Dwidenoise: which extent is better for me?

Hi all,
I’m runing dwidenoise on my data(8 b0 + 96 b2000, repeat twice, in total 208 volumes). I am not sure what extent is better for the data. So I have run it with three extent sizes(5, 7, 9) and got some results(see bellow images). Could you please offer me some suggestions on this? thanks.


For me, I would like to pick 7x7x7 for two reasons:
1, it shows little anatomy.
2, it captures the variability of the noise between brain and out-brain.
But I am not sure about this.

Yes, I think that looks about right too.
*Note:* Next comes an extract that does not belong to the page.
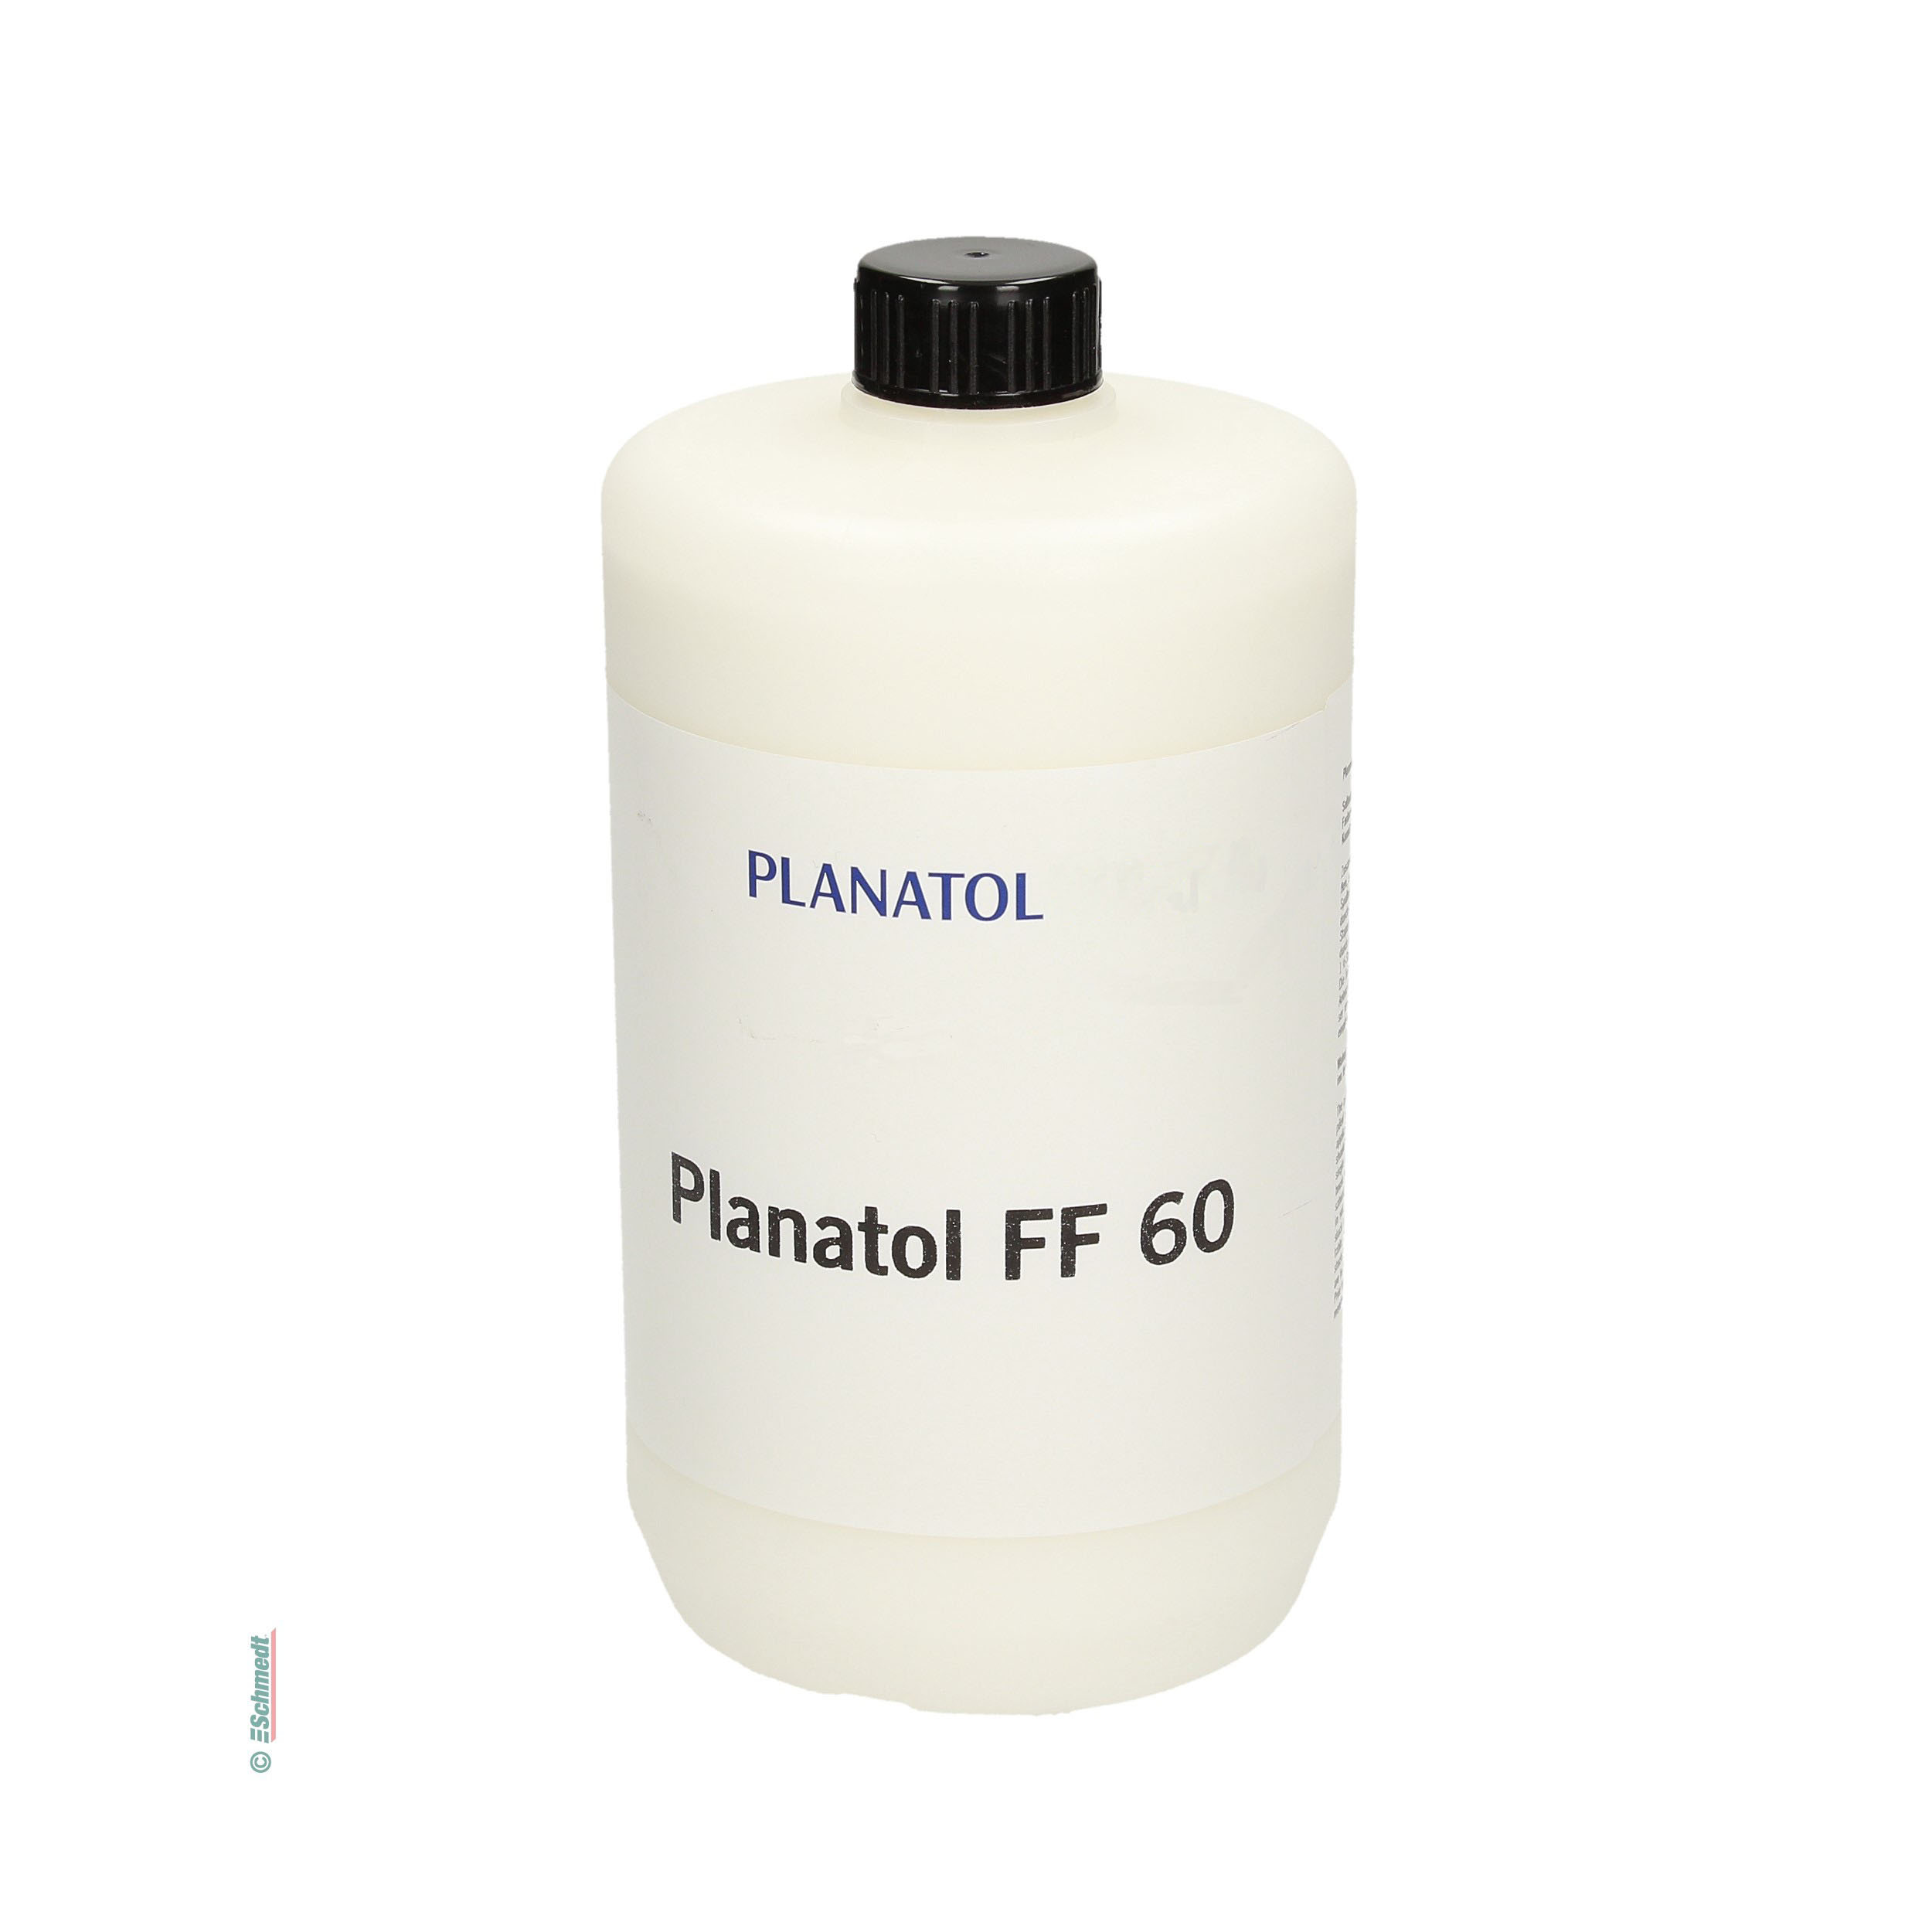 Planatol FF 60 - Cola de dispersión para juegos de formularios - Aplicación: cola auto-separable para la elaboración de juegos de formulario...

The 5x5x5 case doesn’t look like it denoised very much. 7x7x7 seems to perform much better, and will be much faster to compute than the 9x9x9 case.

Hi Donald @jdtournier,
Thanks for your comments. Two further questions.
1, The unit for the extent is voxel, not mm. so if I have different resolution in x, y,z, I should give different number in each dimension. for example, if my voxel size is 1 x1 x 2, I should assign the extent as 9x9x5 to make a 10mm x10mm x 10mm windows. Am i right?

2, I have two runs data which were collected in different sessions. The parameters for the two runs is totally the same, but they are not aligned in space. If i want to combine them together to do denoise, What is the best option for me? can i directly concate them without do alignment ? The mannual told us: don’t do anything before dwidenoise.


That means, the run data now have different transform in the header.

For Run1

For Run2

  1. The assumption of the method used in dwidenoise is that in a local patch the noiseless signal is sparse and can be represented using a low dimensional projection of the measured signal. Noise on the other hand is not sparse. I think, for this decomposition, the actual size of the voxels should matter much less than the extent in voxels.
  2. That depends on whether the images share the same noise characteristics. Did you see this related question? Use of Prescan Normalize (Siemens) and dwidenoise

If you go for concatenation and splitting, you can use mrconvert's -set_property and -get_property to manually set the transformations back to their original values.

Hi @maxpietsch
Sorry, I am not sure I understand what you mean exactly.
1, Did you suggest that the voxel size does’t matter in setting extent?
2, My data is a test-retest data, so they should share the same noise characteristic. My question is should I align them before concatening them or just directly concatenate them without the alignment. As you explained that dwidenoise rely on local patch information rather than the whole aligned image. So, I guess I can concatenate them directly? But after denoise, I should reset the prooerties for each set. yes?

My 2 cents:

  • what matters is that there are enough independent voxels in the neighborhood to figure out the redundancy in the signal. So as long as the noise in those voxels can be assumed independent, it shouldn’t matter what shape they are. The shape of the overall neighbourhood also doesn’t matter all that much, as long as it’s close enough to the voxels of interest that the noise properties can be assumed identical. So I’d stick with an isotropic neighbourhood in voxels space (the default). But by all means, try different shapes and see whether it checks out – and do report back if you find anything unexpected.

  • If your data were acquired in different sessions, I would not concatenate them, no matter how well aligned they might be. There’s lots of reasons for the noise level to vary between sessions, which would break the assumptions of the MP-PCA denoising approach…

Thanks for your comments, Donald @jdtournier
Then I have a further question. If we can not concatenate the data from different sessions. if I still want to combine the data from the two sessions, How to do this?
Can I denoise it separately, and then concatenate and align them to do tractography? can you give me some suggestions on this?

Hi all,

Thanks for this discussion, I am also trying to optimize this part of my pipeline. Is there a reason you wouldn’t recommend the 9x9x9 kernel over the 7x7x7? Is it because it’s computationally intensive? It seems to be doing a better job from what I understand.